The increase Australian home values in November has slowed to a snails pace with economists saying buyers are holding out for an interest rate cut in 2025
CoreLogic’s national Home Value Index (HVI) increased by just 0.1% in the final month of spring, marking the slowest national growth since January 2023. This marks the 22nd consecutive month of growth, though it may be nearing its end in this cycle.
“The downturn is gathering momentum in Melbourne and Sydney,” says Tim Lawless, CoreLogic’s research director.“While the mid-sized capitals, which have dominated the growth cycle of late, are also losing steam.”
Melbourne, where housing values have fallen over ten of the past twelve months, recorded a -0.4% fall over the month, taking values -2.3% lower over the past year.
For Sydney, August likely marked the peak of the cycle, with values flattening in September and falling -0.2% in Octoberand November. On a rolling quarterly basis, seeing four of Australia’s eight capital cities recorded a fall in values, led by Melbourne (-1.0%) and joined by Darwin (-0.7%), Sydney (-0.5%) and Canberra (-0.3%).
Perth continues to lead the nation in capital gains, with values rising 1.1% in the past month and 3.0% over the rolling quarter. However, this is the smallest quarterly increase since April 2023 and less than half the growth seen in the June quarter (6.7%).
Brisbane’s quarterly growth rate has slowed to 1.8%, the slowest pace since March 2023. Meanwhile, Adelaide recorded a 2.8% increase over the past three months, the smallest rise since June 2023.
Regional housing trends have outpaced the capitals, with the combined regional index rising 1.1% over the past three months, compared to just a 0.3% increase in the combined capitals. However, like the capitals, regional areas are showing a mix of results. Regional Victoria saw a 0.9% decline in the rolling quarter, while all other regional areas posted modest increases, led by regional WA, which saw a 3.3% rise.
The weaker housing market has been accompanied by an increase in available supply as vendor activity picked up through spring. Listings in capital cities have risen by 16% since the end of winter. Perth (+33%) and Adelaide (+25%) saw the largest increases in advertised stock, though these figures are still coming from low levels, with overall listings in these cities remaining below average.
Sydney and Melbourne listings are now 10.4% and 9.1% higher than their respective five-year averages, marking the highest levels for this time of year since 2018.
In a note to investors, AMP Capital’s Shane Oliver says, “The housing shortfall is expected to remain significant for a long while yet as building approvals running around 175,000 dwellings a year indicate that completions are likely to run below government objectives for 240,000 pa (or 1.2 million over five years) for some time to come and may never reach that objective. The accumulated shortfall of dwellings in Australia is estimated to be around 200,000 dwellings at least, but if the decline in the average number of people per household seen in the pandemic years is sustained then the accumulated shortfall could be around 300,000 dwellings.”
Oliver also remarked, “Gains have slowed to a crawl with recent months also being revised down by CoreLogic, suggesting that November’s 0.1% gain could be revised down too.”
Meanwhile, purchasing activity is beginning to slow down.

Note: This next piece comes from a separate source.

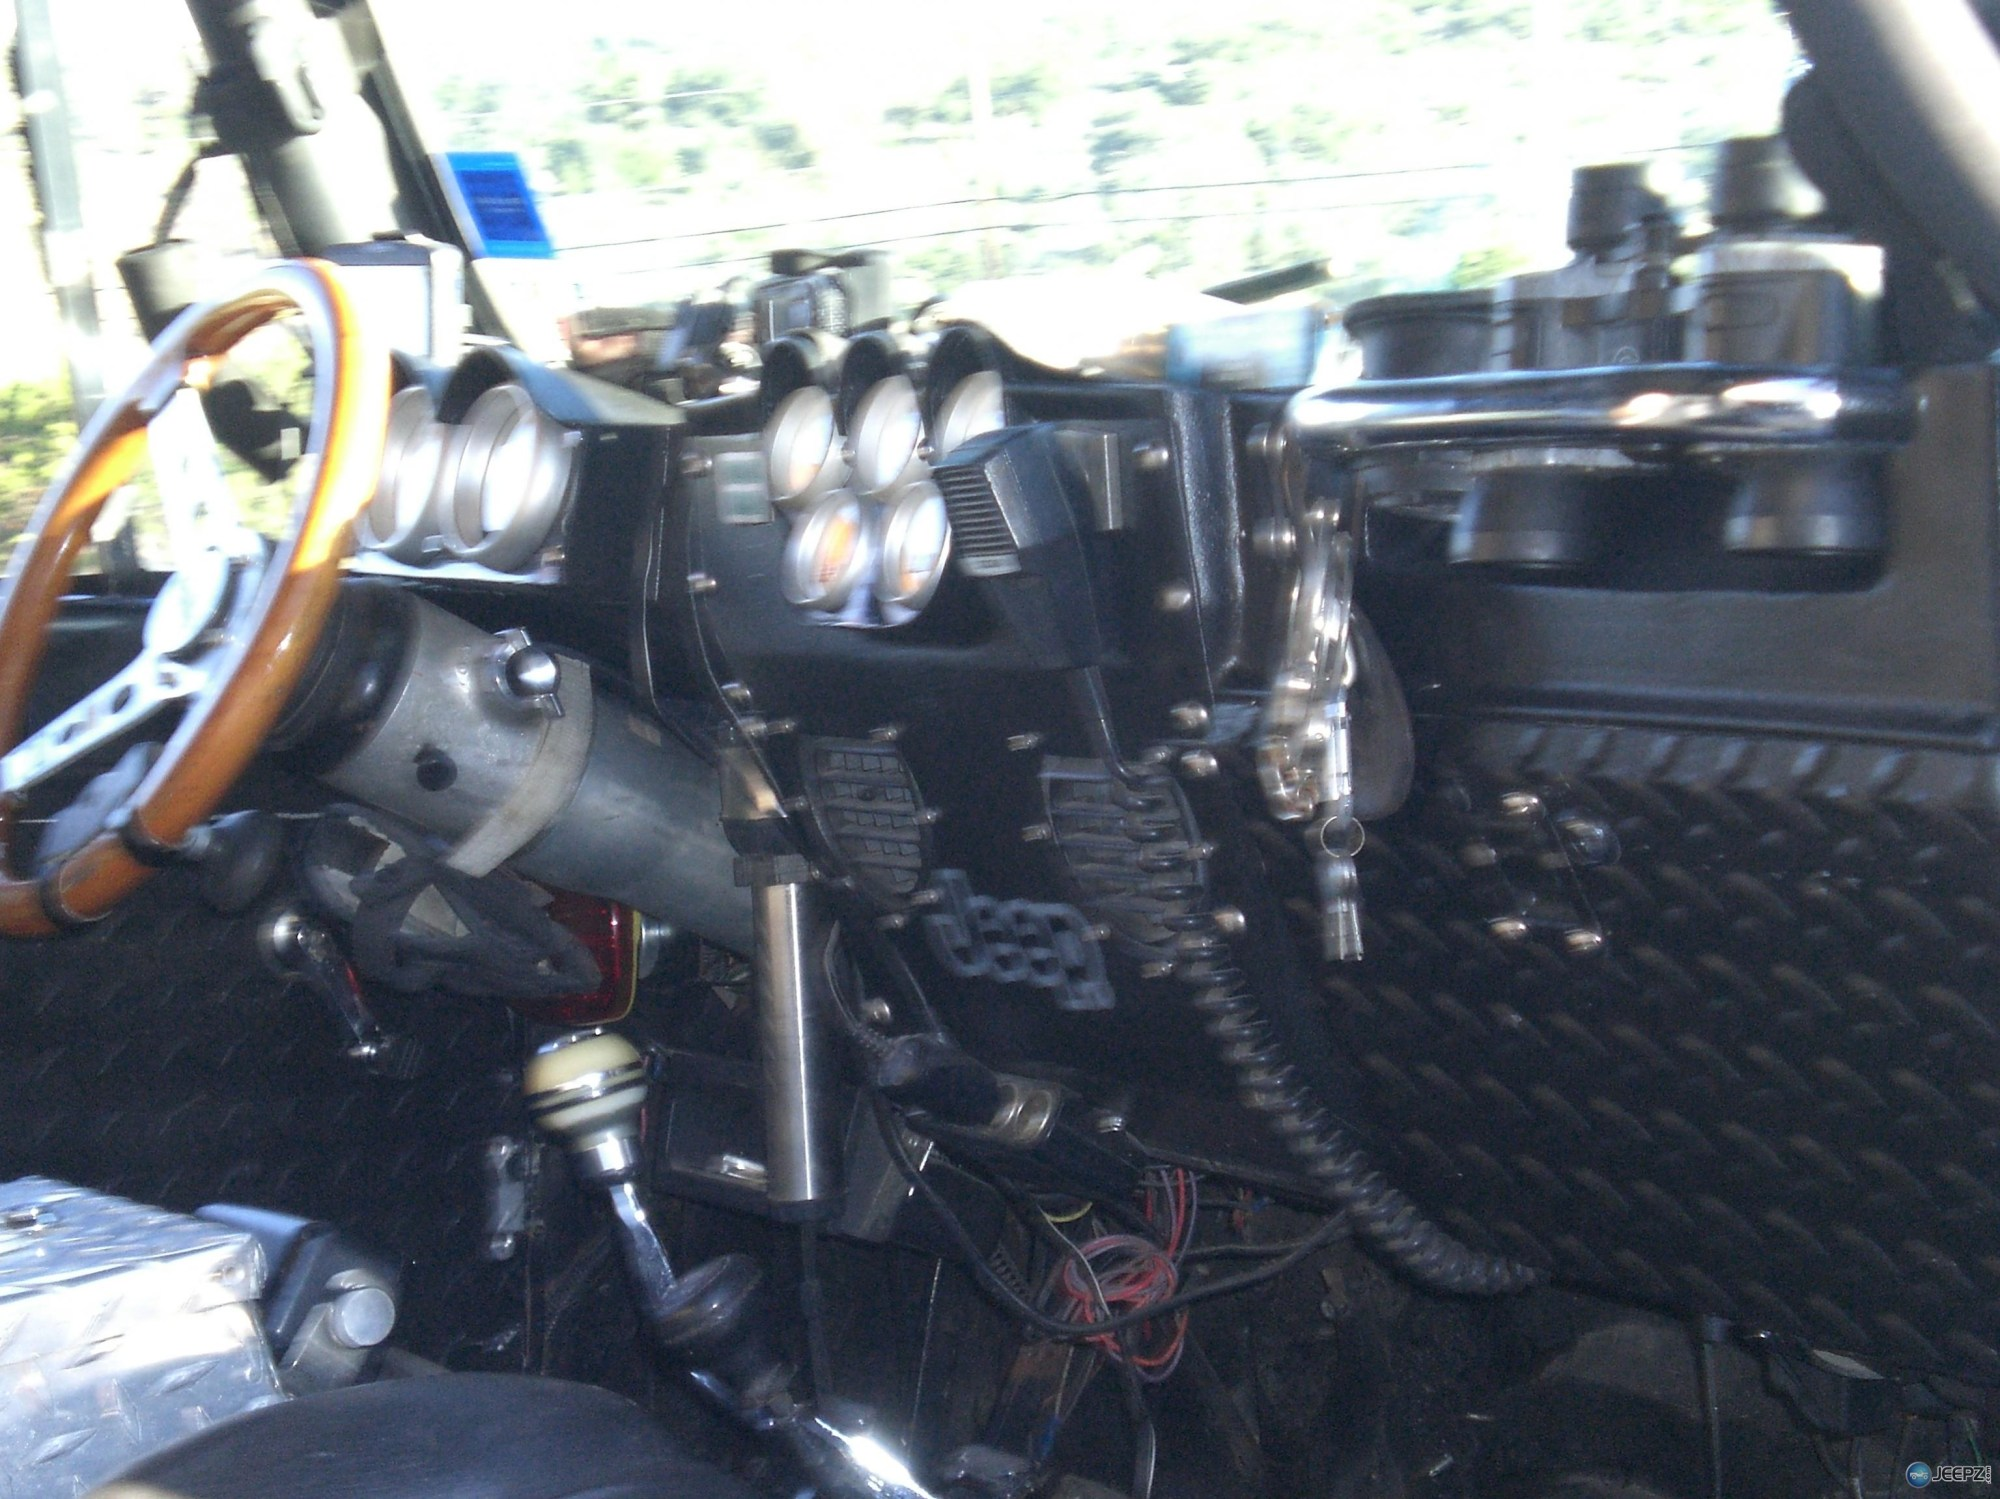 hight resolution of 85 cj7 temperature gauge problem jeep pics 006 jpg

CoreLogic estimates that home sales in capital cities over the past three months are 4.6% lower than a year ago and 2.0% below the five-year average. Sydney saw the most significant decline, with sales over the past quarter estimated to be 15.4% lower than last year and 15.1% below the five-year average.
With more supply and less demand, selling conditions have weakened through spring. Auction clearance rates in the combined capitals have remained below 60% since mid-October, and median selling times for private treaty sales are on the rise.